◆ EXERCISE DATA
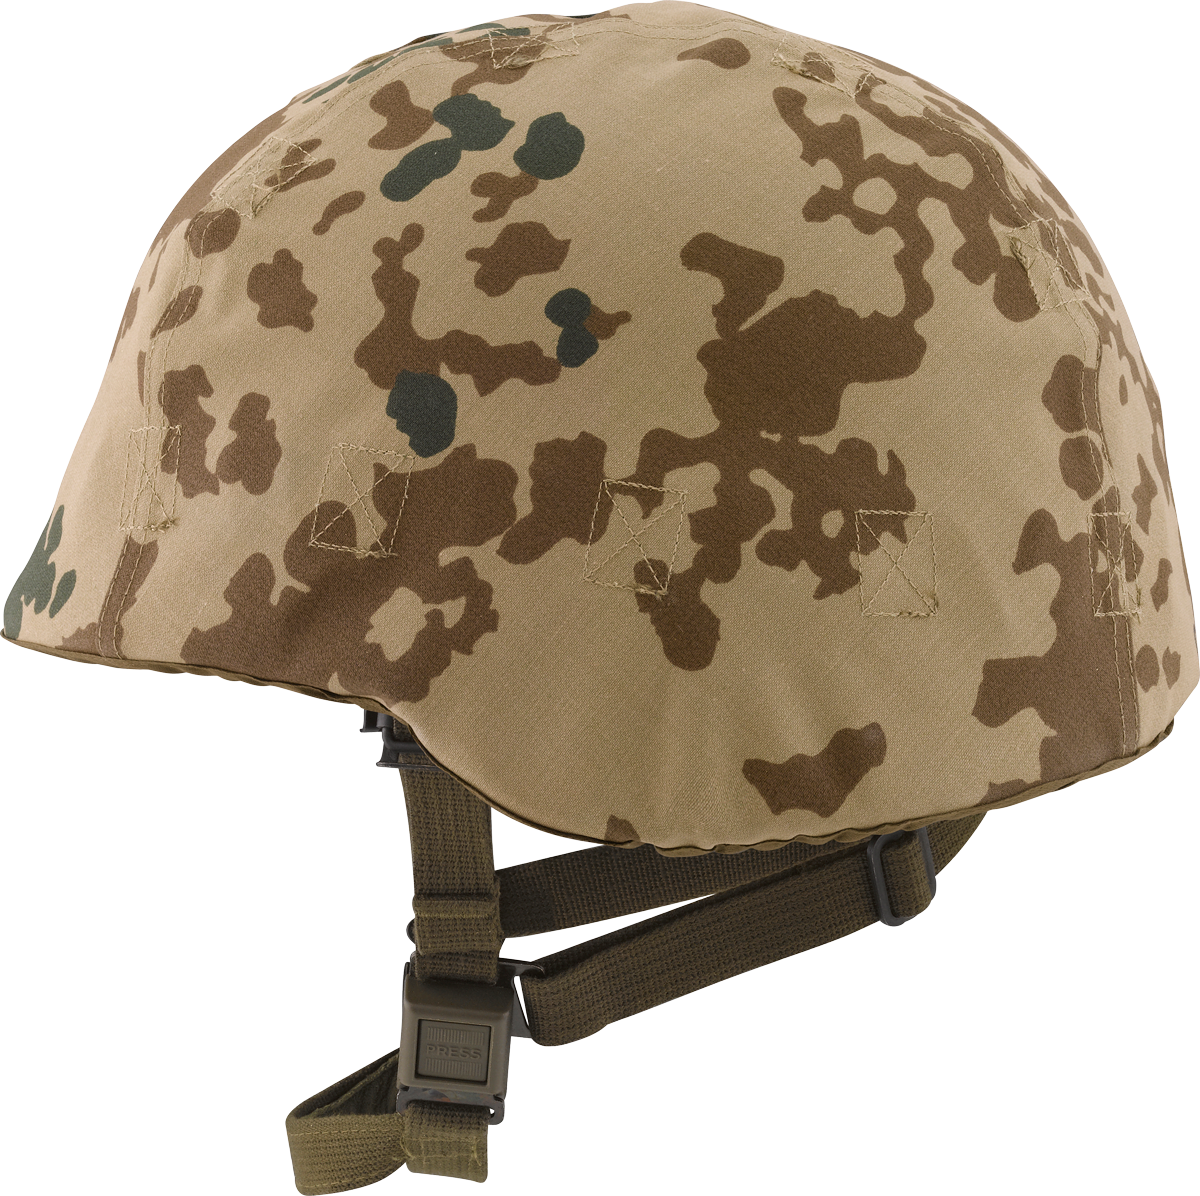 Military helmet png. Kortnee kate photography
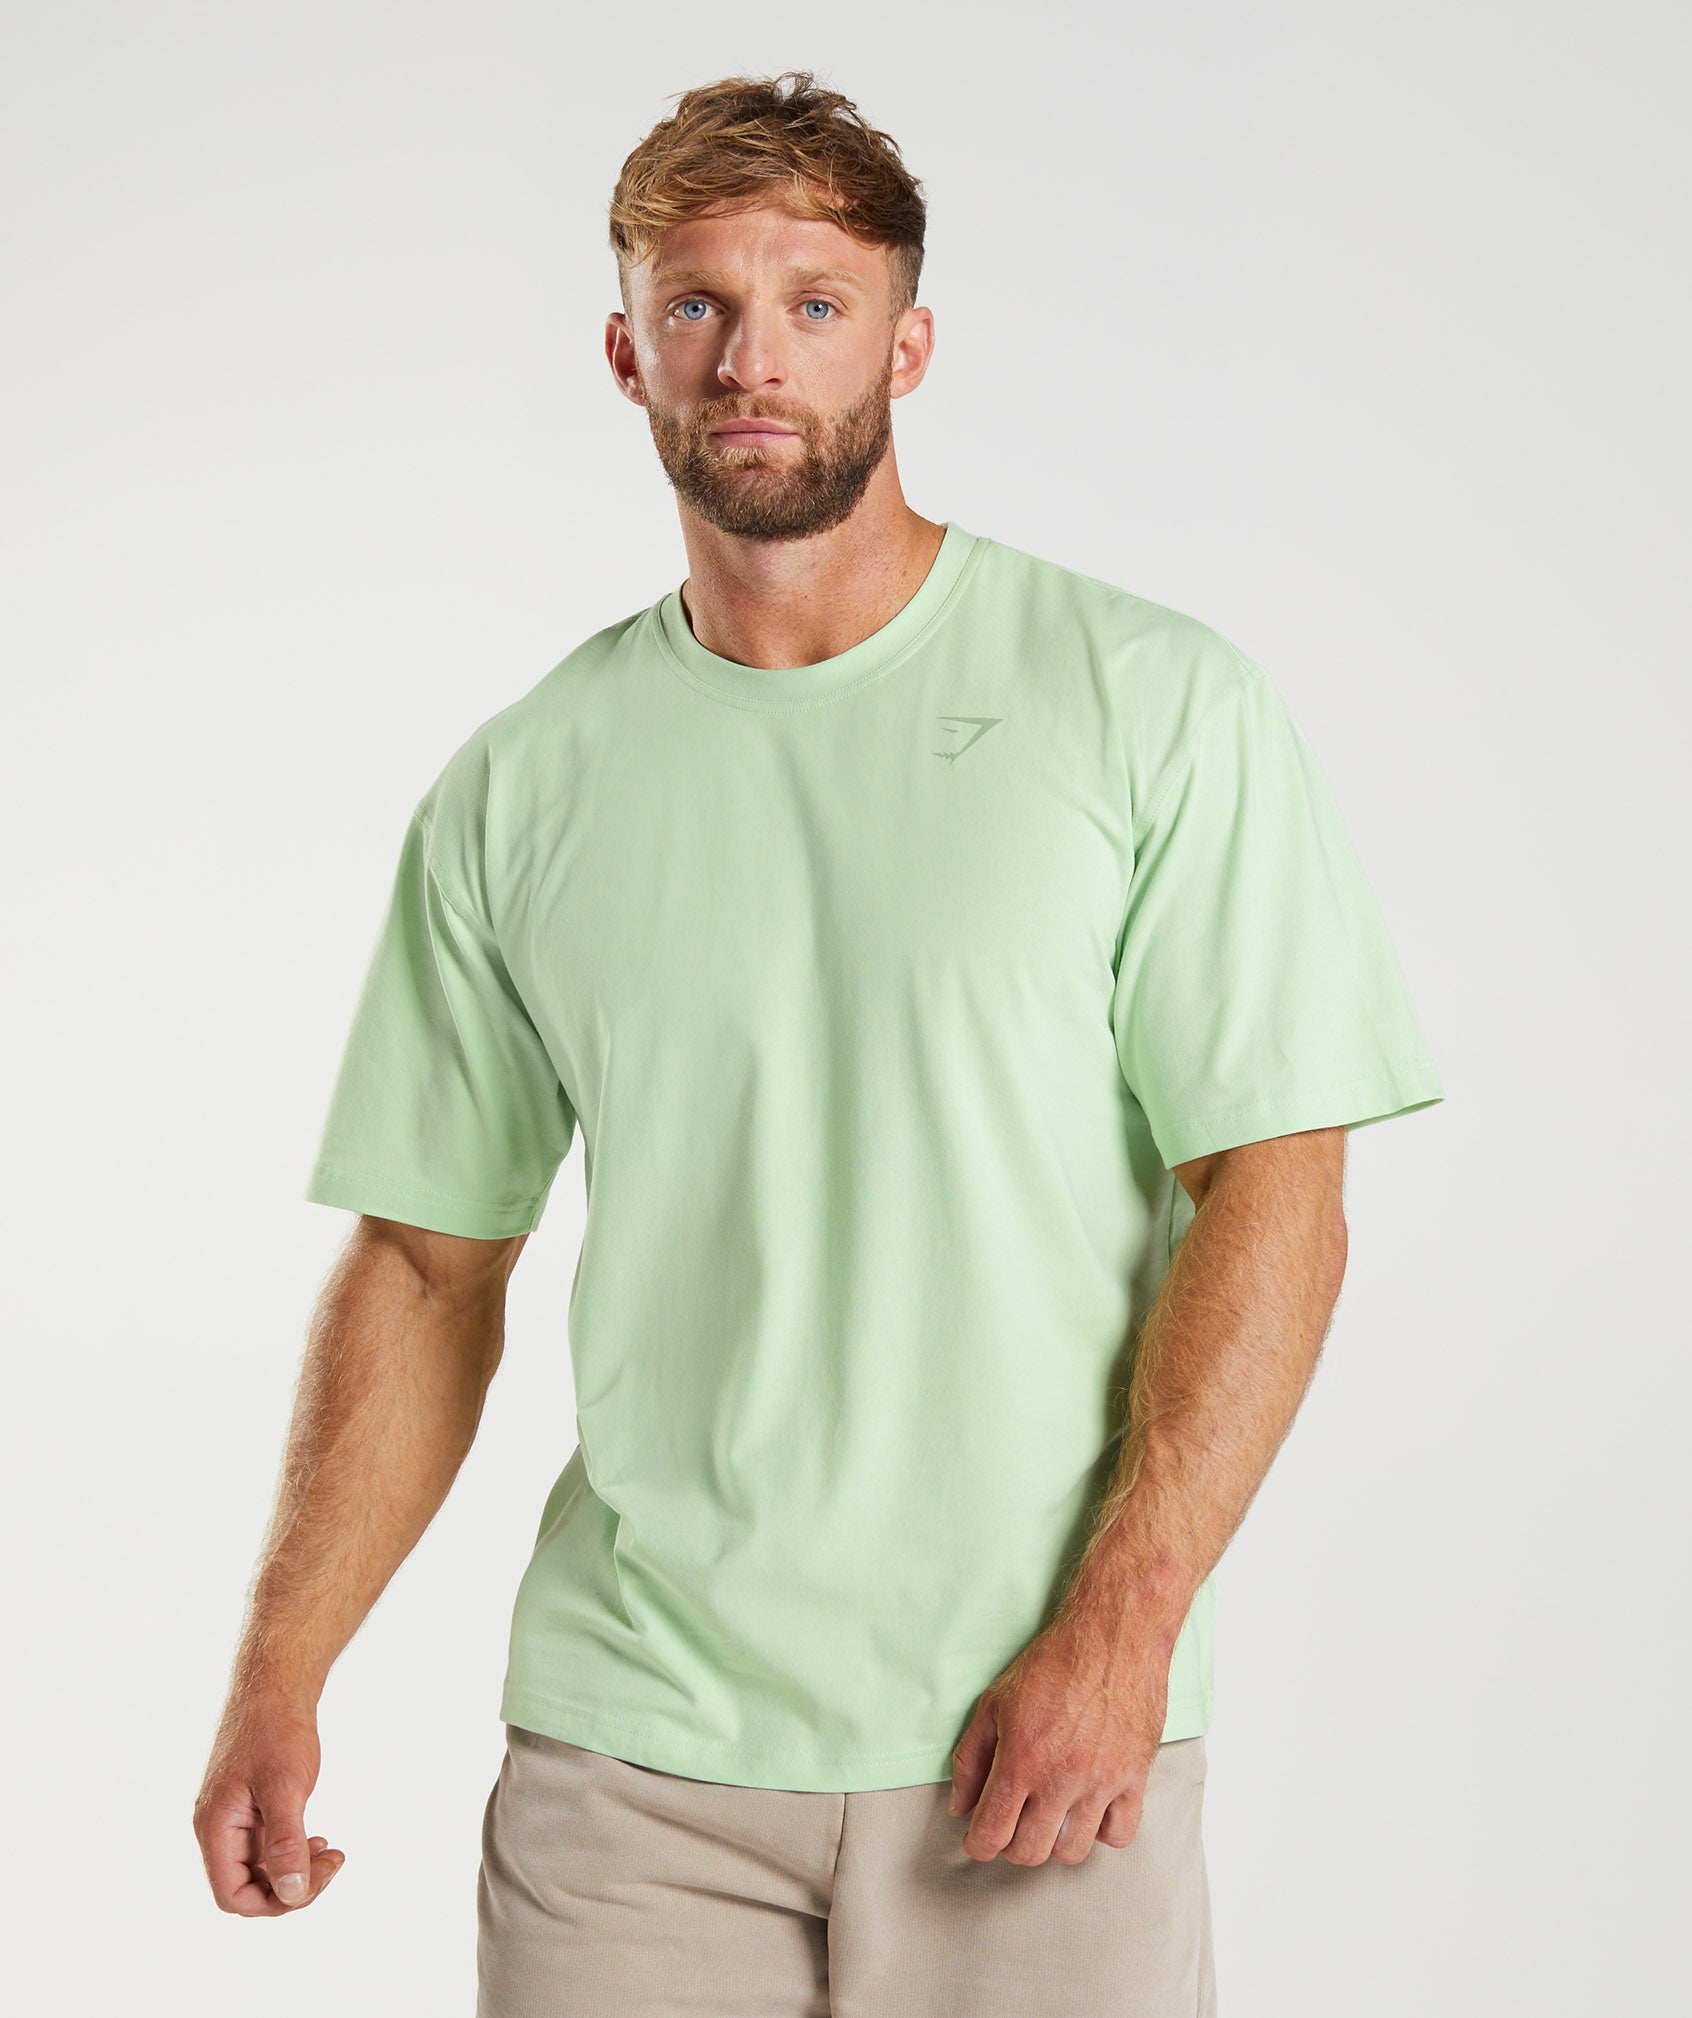 Power T-Shirt in Aloe Green - view 2
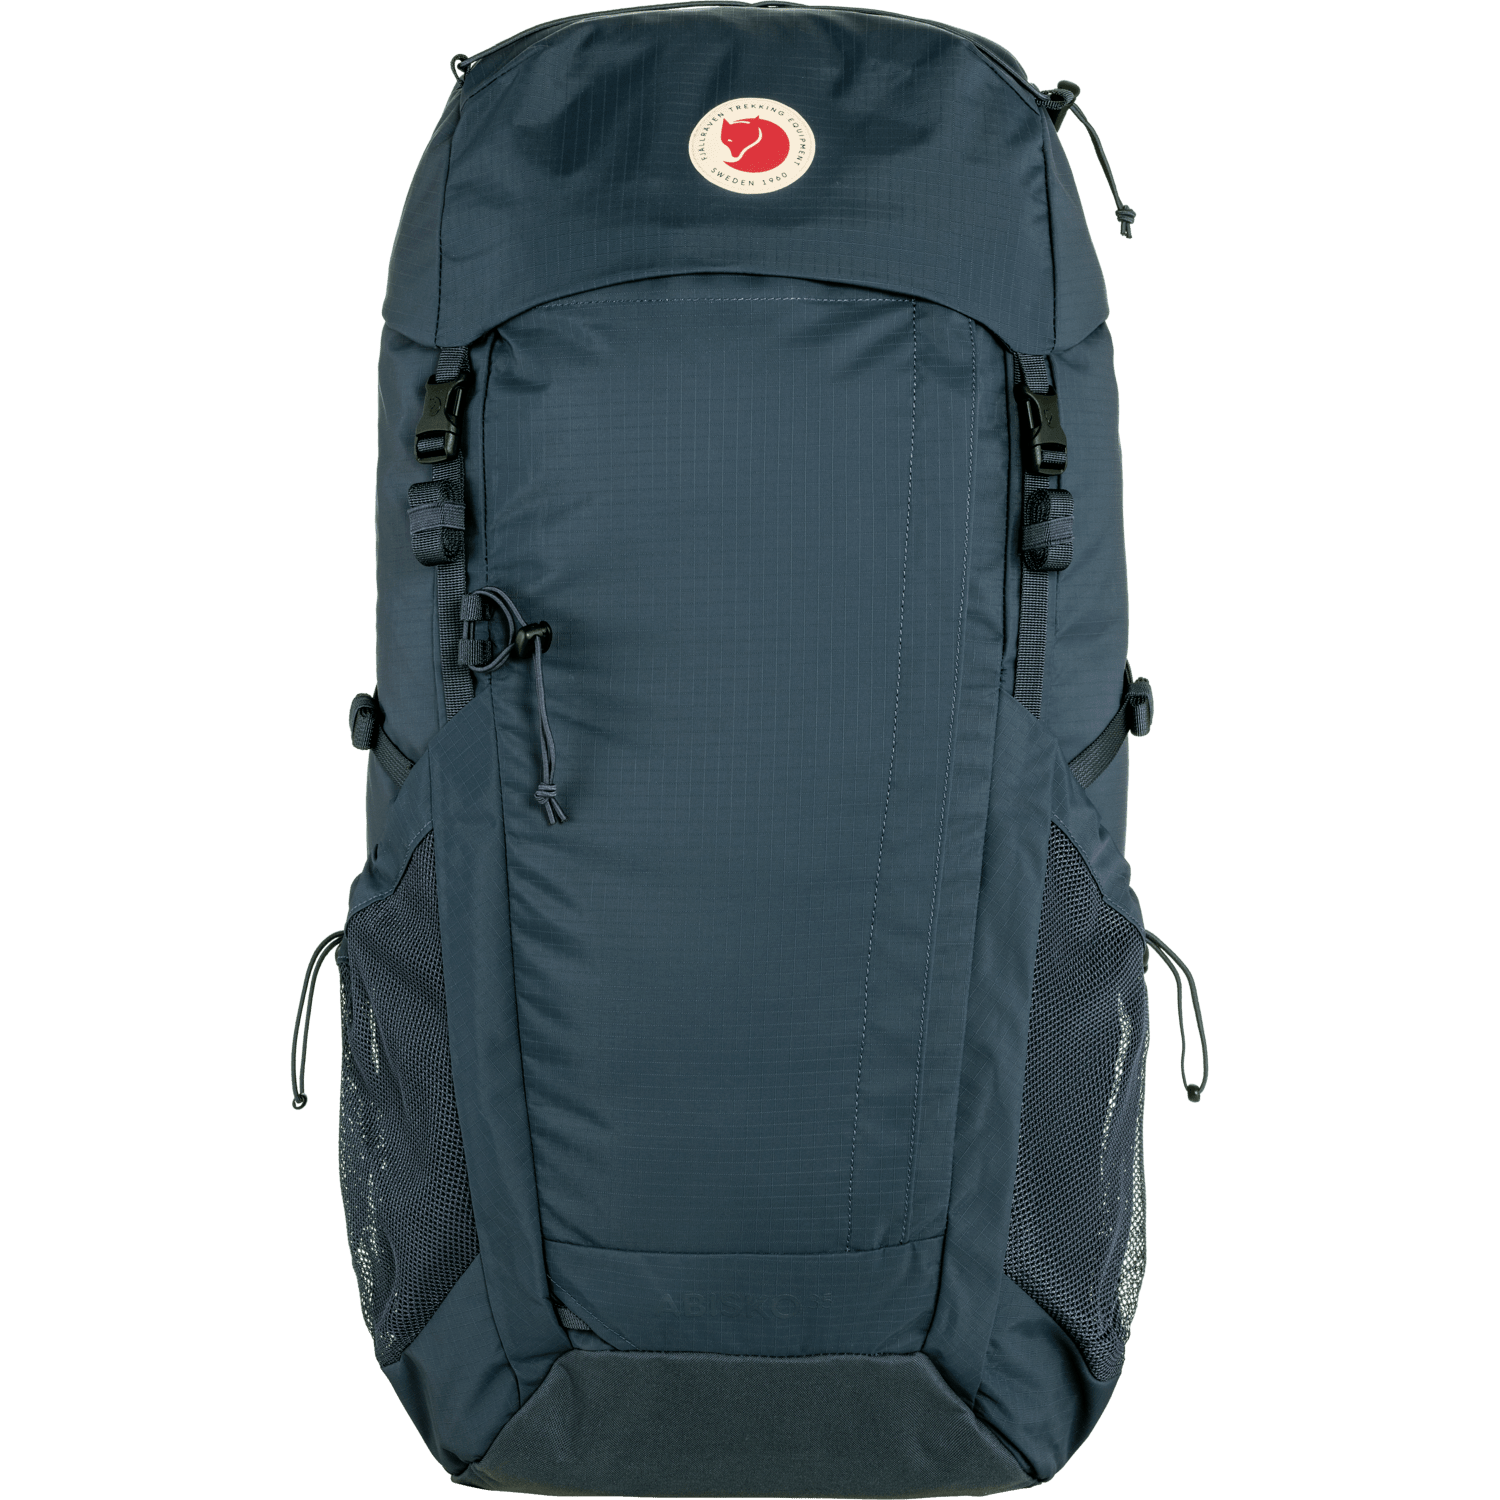 Fjällräven Abisko Hike 35 S/M - 100% Recycled Nylon Navy Bags

◆ WHAT YOU SHOULD DO
Reproduce the final stretch of lines exactly: the line containing "Power T-Shirt in Aloe Green - view 2" through the last line of the data, both included. Pictures do not belong in the copy.

◆ OUTPUT FOR THIS EXERCISE
 Power T-Shirt in Aloe Green - view 2
 Fjällräven Abisko Hike 35 S/M - 100% Recycled Nylon Navy Bags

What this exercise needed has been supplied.